2. Sample data processing
When the window will reach a certain positive and negative proportion or data volume, a batch training is performed to iterate out a new parameter vector. The embedding data of the product is put into the state of Flink, and then the parameters are updated as the dynamic part of the model.
3. Synchronous iteration, asynchronous iteration
When personalized EE parameters online learning adopts asynchronous update mode, there is the problem of parameter update order disorder, which will reduce the convergence speed of online learning model, resulting in a waste of traffic. Therefore, the parameter asynchronous update mode is changed to synchronous update mode to avoid the parameter reading and writing disorder. In the synchronous update mode, the parameter vector stored in the status needs to be used in the next training iteration. If the parameter is lost, the iteration process of the product will be interrupted. In order to prevent the parameter loss caused by the system risk, the parameter double guarantee is designed. The parameters can be recovered from checkpoint or savepoint after normal task exception or restart. If the parameters cannot be recovered under unexpected circumstances, the parameters of the previous version can be retrieved from the remote online service and recorded to state.

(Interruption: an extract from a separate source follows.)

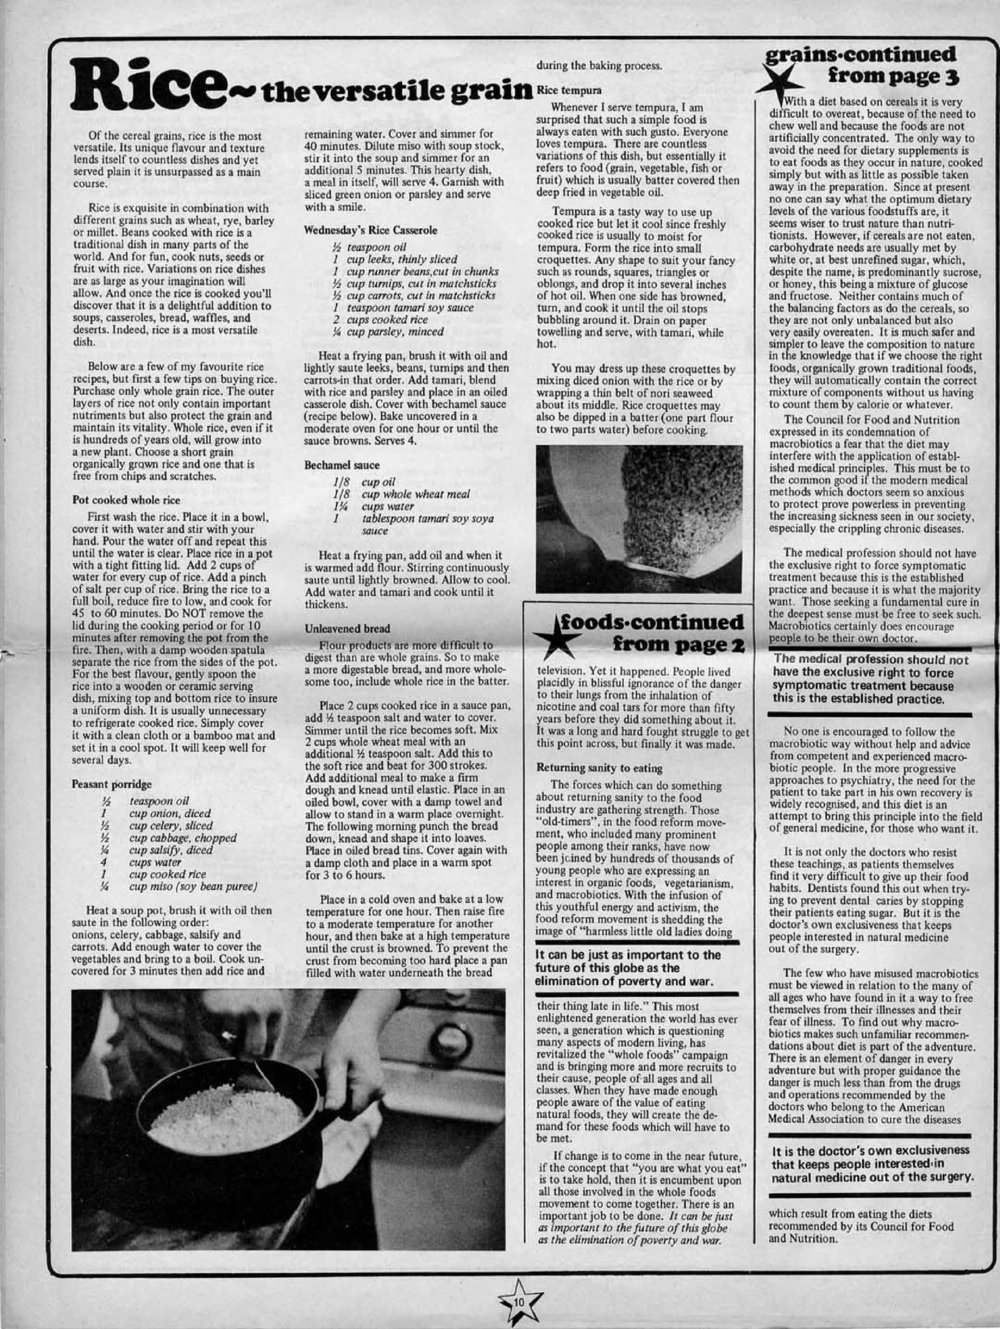 seed-v1-n1-nov1971 (1)-10.jpg

4. Multi trial version support
The online learning task uses the same Flink task to support multiple versions of the model to carry out AB experiments in different experimental buckets. Different AB traffic buckets are distinguished by the version number. The corresponding real-time samples are processed with docid + version as the key, and the iteration process does not affect each other.
In order to improve the bandwidth utilization and performance requirements, we use PB format to transmit data internally. After investigation, Pb’s transmission format is better than Flink’s general class kryo serialization. Therefore, we use Flink’s custom serialization solution to directly transmit data between ops in Pb format.
5、 Monitoring system
Here, we distinguish between service full link monitoring and task stability related monitoring. The specific situation is described in detail below.
1. Full link monitoring
The whole system uses the internal observer platform of JD to realize the whole link monitoring of business, mainly including predictor service related monitoring, feature dump QPS monitoring, feature and label quality monitoring, association monitoring, train related monitoring and ab index related monitoring, as follows:
2. Mission stability monitoring
Task stability monitoring here mainly refers to the task stability monitoring of Flink. The link throughput is up to GB / s, the characteristic message QPS is up to 10W, and the online learning is uninterrupted. No matter for online sample tasks or online learning tasks, relevant monitoring alarms are essential.
■ container memory, CPU monitoring, thread number, GC monitoring
Sample related business monitoring
6、 Planning summary
Flink has excellent performance in real-time data processing, disaster recovery, throughput, rich operators, easy to use, and naturally supports batch stream integration. At present, there is an open source framework for online learning, so online learning is a good choice. With the expansion of machine learning data scale and the improvement of the requirements for data timeliness and model timeliness, Flink has been widely used, Online learning is not only a supplement to offline model training, but also a trend of model system efficiency development. For this purpose, we have made the following plans:
Thanks to the R & D Department of real-time computing and the search sorting algorithm team for their support.